La malsana y desigual relación que se estable entre Tristana y don Lope, sirve al genio de Calanda como base argumental de un relato en el que, además de sus habituales inquietudes y obsesiones (sexo, posesión, crítica social, sueños, religión,…), tiene cabida una honda y melancólica reflexión acerca del paso del tiempo y del contraste que, inevitablemente, surge entre lo viejo y lo nuevo.


La paleta cromática de grises y ocres que predomina en la fotografía de José F. Aguayo, resulta perfecta para enmarcar las frías y sobrias calles del casco antiguo de Toledo. Buñuel nos ofrece una narración precisa y austera, en la que no sobra ni falta nada, poniendo de manifiesto, una vez más, su maestría en el dominio del tempo y el espacio cinematográficos.

En Tristana hallamos a uno de los personajes más logrados del fascinante universo buñueliano: el honorable caballero don Lope. Representante de la decadente hidalguía castellana, a quien el gran Fernando Rey compone de manera soberbia en la que bien podría ser la mejor interpretación de toda su carrera. Sus contradicciones (padre y amante, liberal a la par que reaccionario, anticlerical y amigo de los curas) no dejan de ser, en cierto modo, las mismas que consumían a la nación española  en los años previos al estallido de la guerra civil. A su lado también brilla la hermosa Catherine Deneuve, que pasará de niña inocente y alegre, a mujer rencorosa y amargada. ¿Alguna otra actriz podría verse tan sensual con muletas y una pierna amputada?

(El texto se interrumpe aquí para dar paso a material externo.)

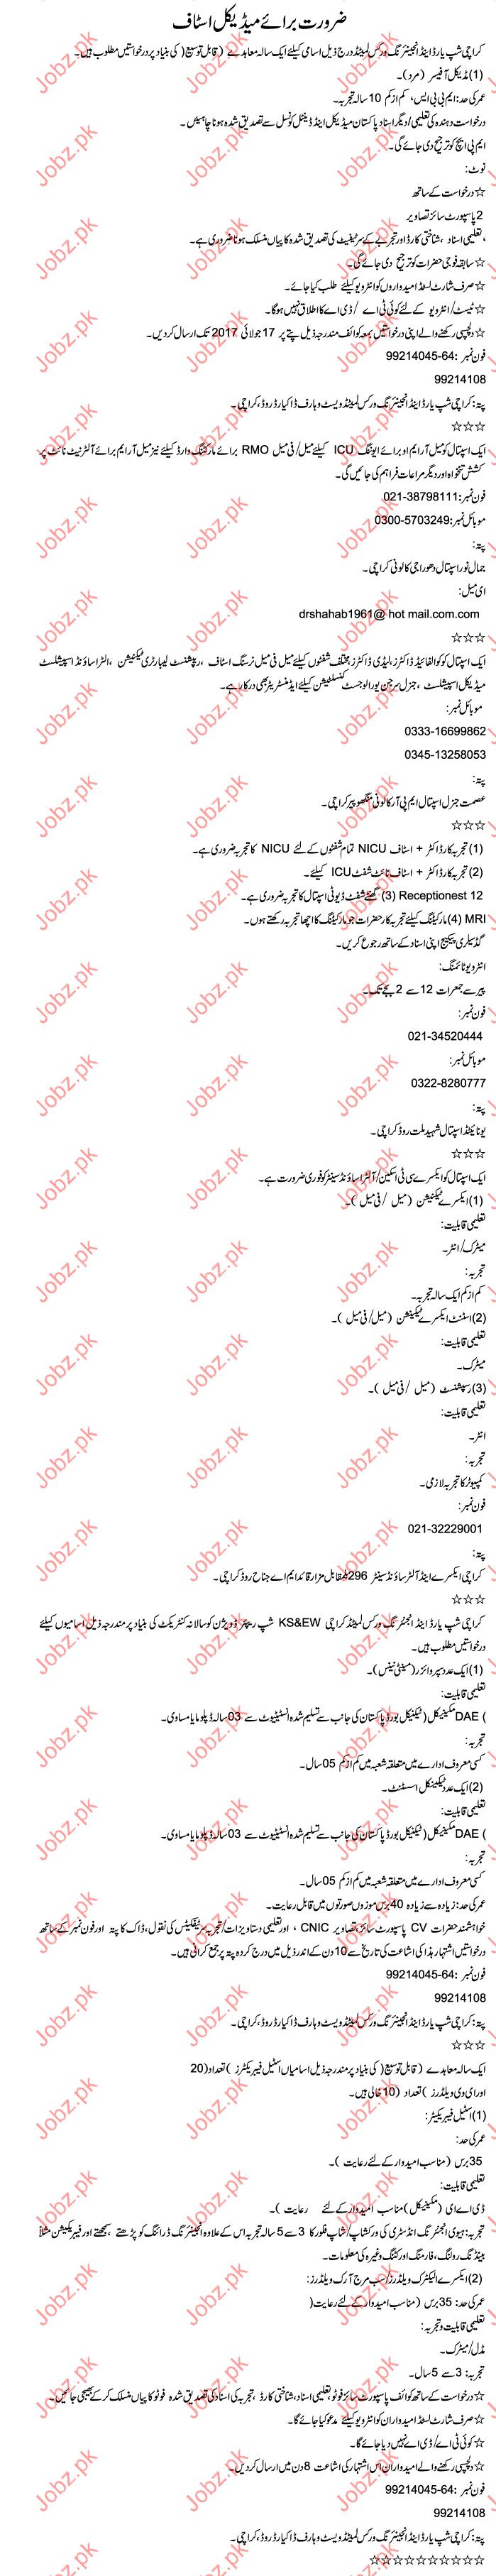 Medical Staff Jobs In Karachi Shipyard & Engineering Works
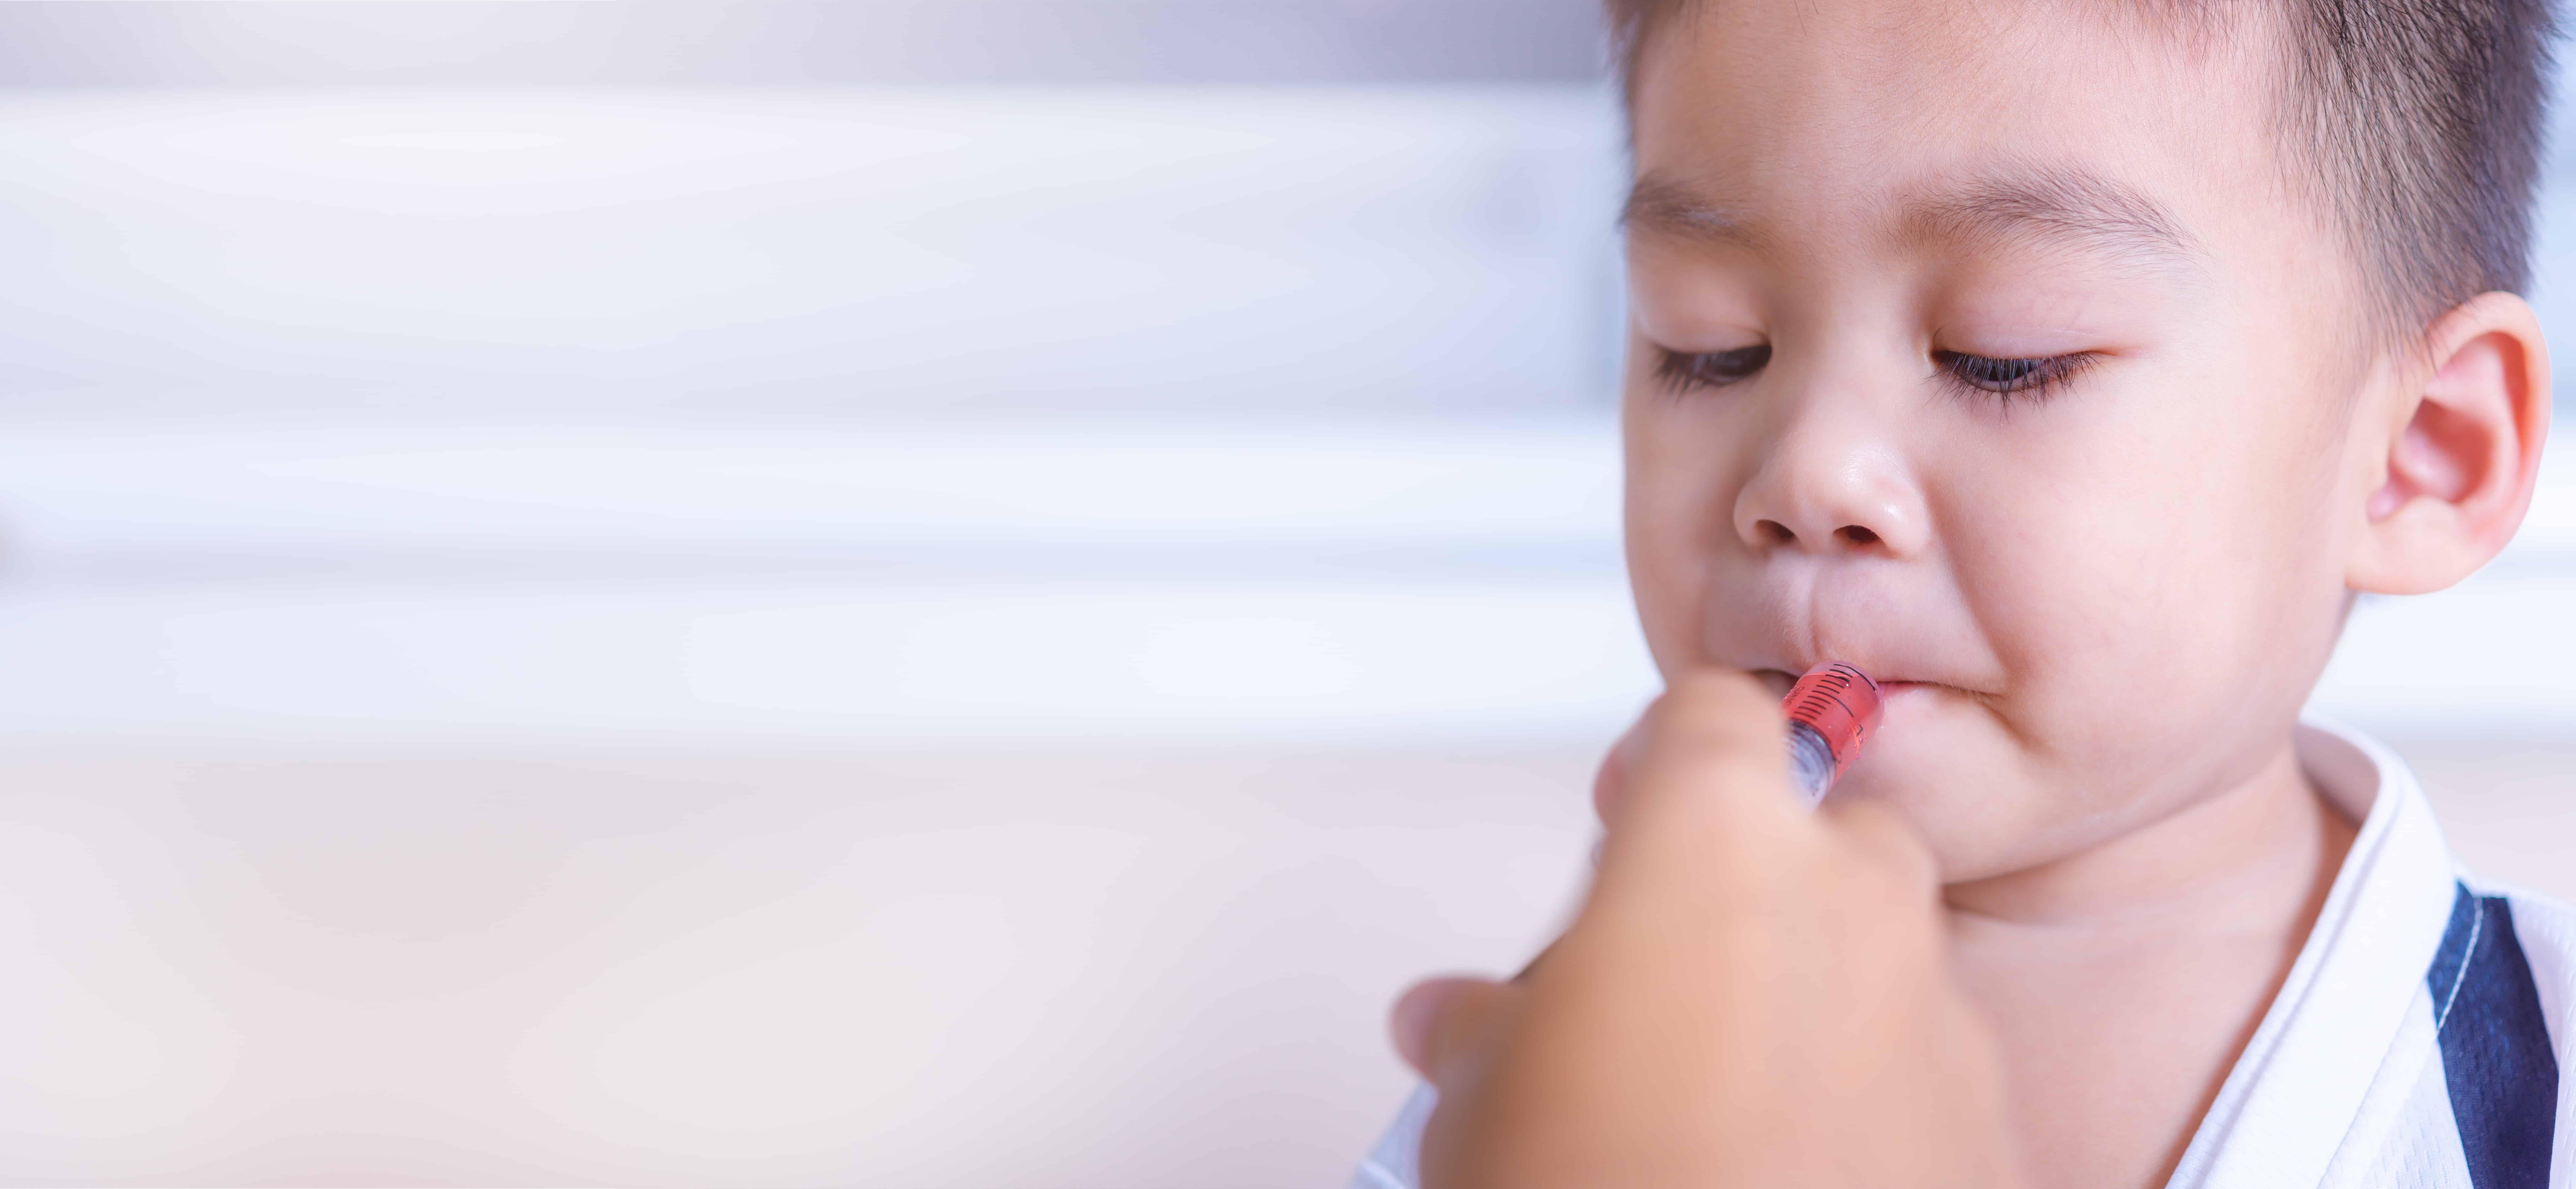 Child receiving medicine via syringe

Apuesto a que no.  


Aunque son muchas las escenas a recordar en esta magistral película, me gustaría resaltar tres para finalizar el comentario: el encuentro entre Tristana y la escultura yacente del Cardenal Tavera, los sueños de la protagonista en los que la cabeza de don Lope aparece como badajo de una campana, y aquella otra en la que Tristana, desde un balcón, muestra su cuerpo desnudo y mutilado a un joven sordomudo. 

1 comentario:

  1. ¡Buena crítica, amigo Ricardo! Para mí es una película mejor que 'Viridiana' y que 'Belle de jour', las cuales encuentro desequilibradas, a ratos faltadas de ritmo, y en el mejor de los casos pretenciosas y artificiosas, de 'tesis', digamos. 'Tristana' es más madura. No me acaba de agradar la Deneuve haciendo de bruja (no me la creo): parece como si el maquillaje con que han aderezado su terso cutis sea más elocuente que su interpretación. Dan ganas de visitar Toledo (no la conozco, y no creo que haya cambiado mucho) por sus calles empinadas. Me sobran, bastante al inicio, algunas alusiones sexuales demasiado evidentes (como cuando Tristana, por ejemplo, come no se sabe qué y se lo mete en la boca, o el badajo de la campana moviéndose en ella, tan fálico...). Los paseos de Tristana en silla de ruedas con el sordomudo pajillero de chófer (los dos discapacitados, hay qué ver) son de antología. Y también la pierna ortopédica dejada en la cama cubriéndose de ropa interior como la ciudad por la nieve. Y Lola Gaos. También es soberbio el epílogo, esta especie de resumen del film en el que se encadenan por orden inverso escenas ya vistas.